On Friday, the Dow Jones Industrials (DJINDICES:^DJI) closed out the week on a positive note, gaining 63 points, and bringing its weekly advance to about 115 points. The broader market did even better, with the S&P 500 hitting a new record, and small-cap stocks rising more than 1%. But within the Dow Jones Industrials, energy giants Chevron (NYSE:CVX) and ExxonMobil (NYSE:XOM) fell for the second day in a row, missing out on the Dow's gains, and calling into question the bull thesis on the energy industry.
Exxon and Chevron can't blame their declines on the crude oil market, as prices for West Texas Intermediate climbed by about $0.60 per barrel today to rise above the $104 mark, hitting its highest levels in a month. Although a few energy analysts have projected that gasoline prices might finally start to fall back somewhat from their recent high levels, no one expects a huge move that would materially endanger the profit potential from the refineries that both Chevron and ExxonMobil have in their downstream operations.
Still, rising geopolitical tensions could play a part in the bearishness in the big-oil sector today. Tension in Ukraine is rising, with Russian President Vladimir Putin referring to the conflict as a civil war that could eventually have implications for Russian military action in the future. In particular, Exxon has made a huge investment in the waters of the Arctic Ocean off the Russian coast, and continued wrangling between Western nations and Russia over economic sanctions could threaten the viability of Exxon's partnership with Russian energy giant Rosneft. Given the difficulty that Exxon has had in keeping its production levels rising, taking away such a huge pool of resources could be devastating to the company. That said, Exxon extended its partnership with Rosneft today, doubling down on its commitment to Russia, and hoping that the Ukraine crisis will resolve itself favorably.
Meanwhile, Chevron is looking to Argentina as a potential source for new resources, albeit with political issues of its own. Chevron identified Argentina's Vaca Muerta shale oil and gas area as a treasure trove of potential reserves, especially because unusual rock formations make recovering energy products from the area far easier than in other shale plays. Argentina's political situation has been difficult for oil companies ever since it nationalized YPF, its largest oil company, two years ago. But that hasn't held Chevron back from investing more in the area. As long as the Argentine government doesn't have any further nationalization plans in the works, the move could pay off for Chevron.
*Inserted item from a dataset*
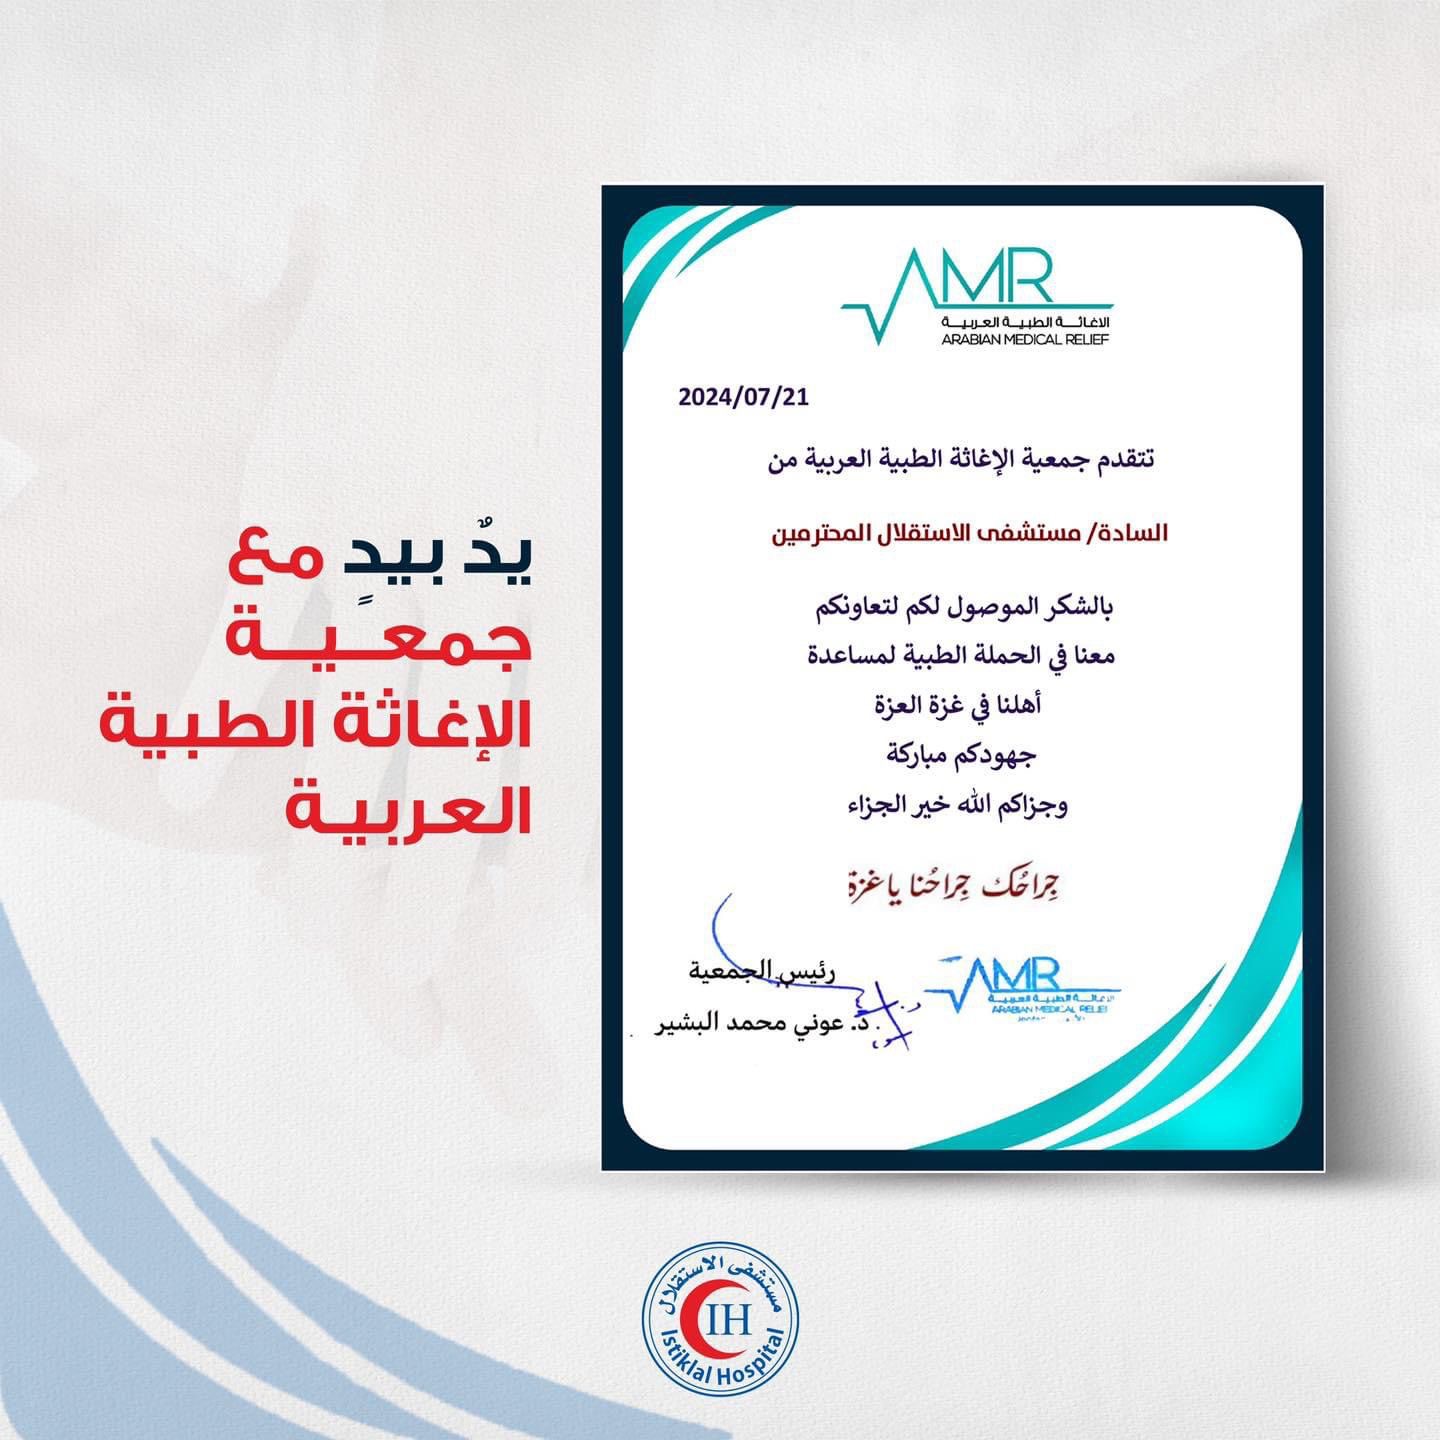 جمعية الإغاثة الطبية العربية تشكر مستشفى الاستقلال للمشاركة الفاعلة بحملة "جراحك جراحنا ياغزة"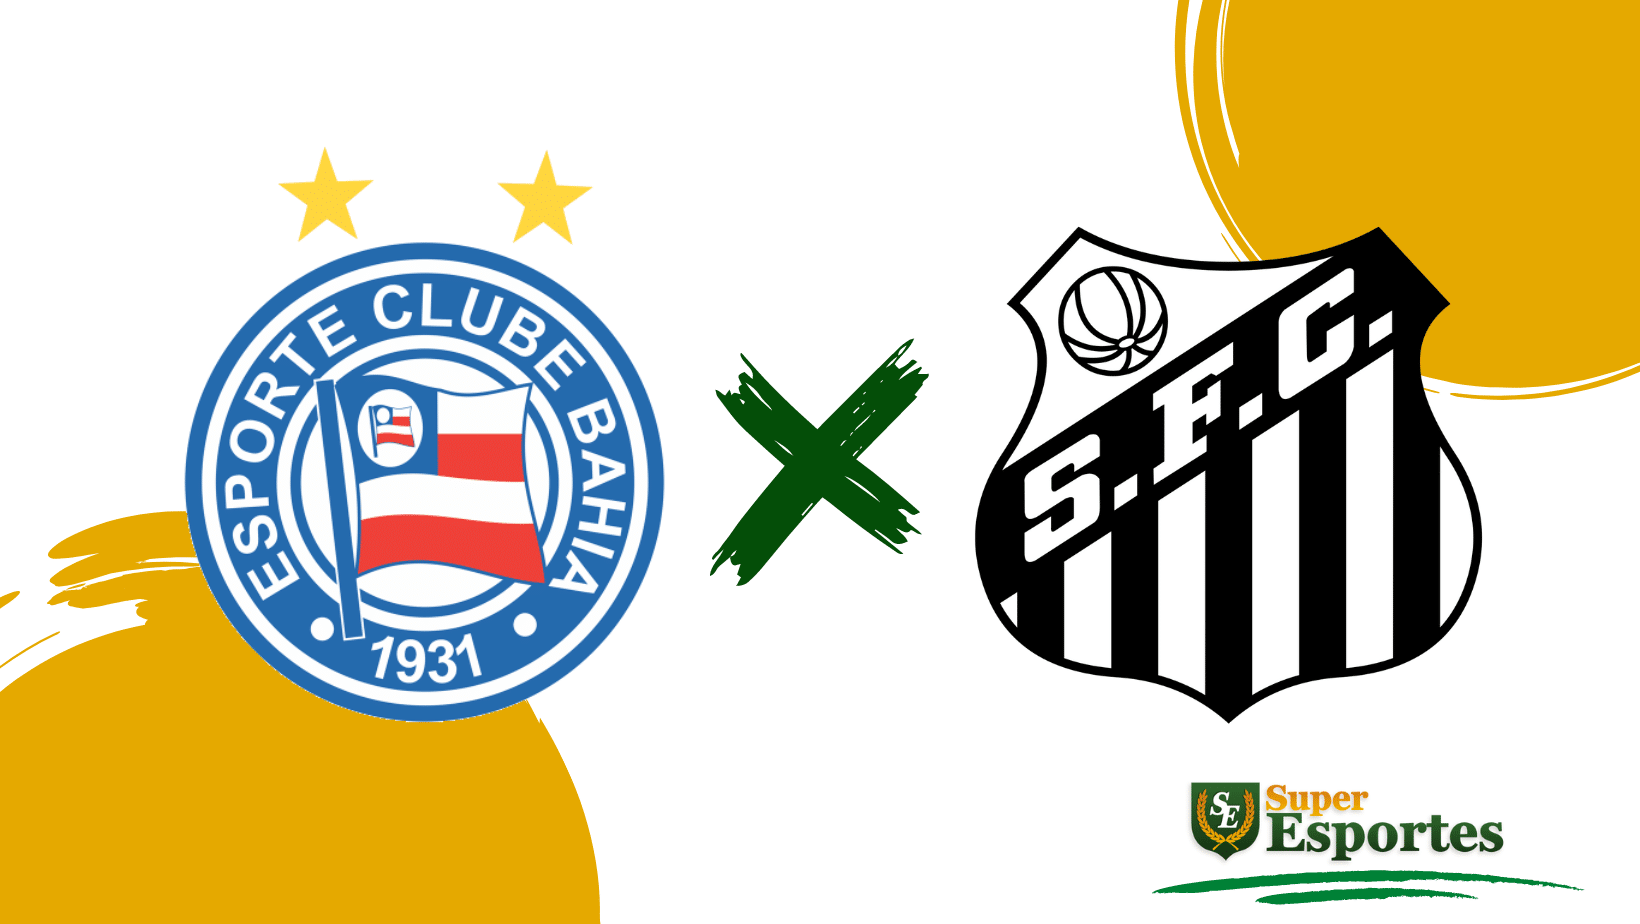 Veja jogo de hoje pelo Campeonato Brasileiro - 21 de maio de 2023

The energy companies in the Dow Jones Industrials have big challenges to overcome, but the opportunities they have are equally large. Even if energy stocks miss out on the Dow's gains for the near future, the long-term potential that their shares have could be worth the wait.
Dan Caplinger has no position in any stocks mentioned. The Motley Fool recommends Chevron. Try any of our Foolish newsletter services free for 30 days. We Fools may not all hold the same opinions, but we all believe that considering a diverse range of insights makes us better investors. The Motley Fool has a disclosure policy.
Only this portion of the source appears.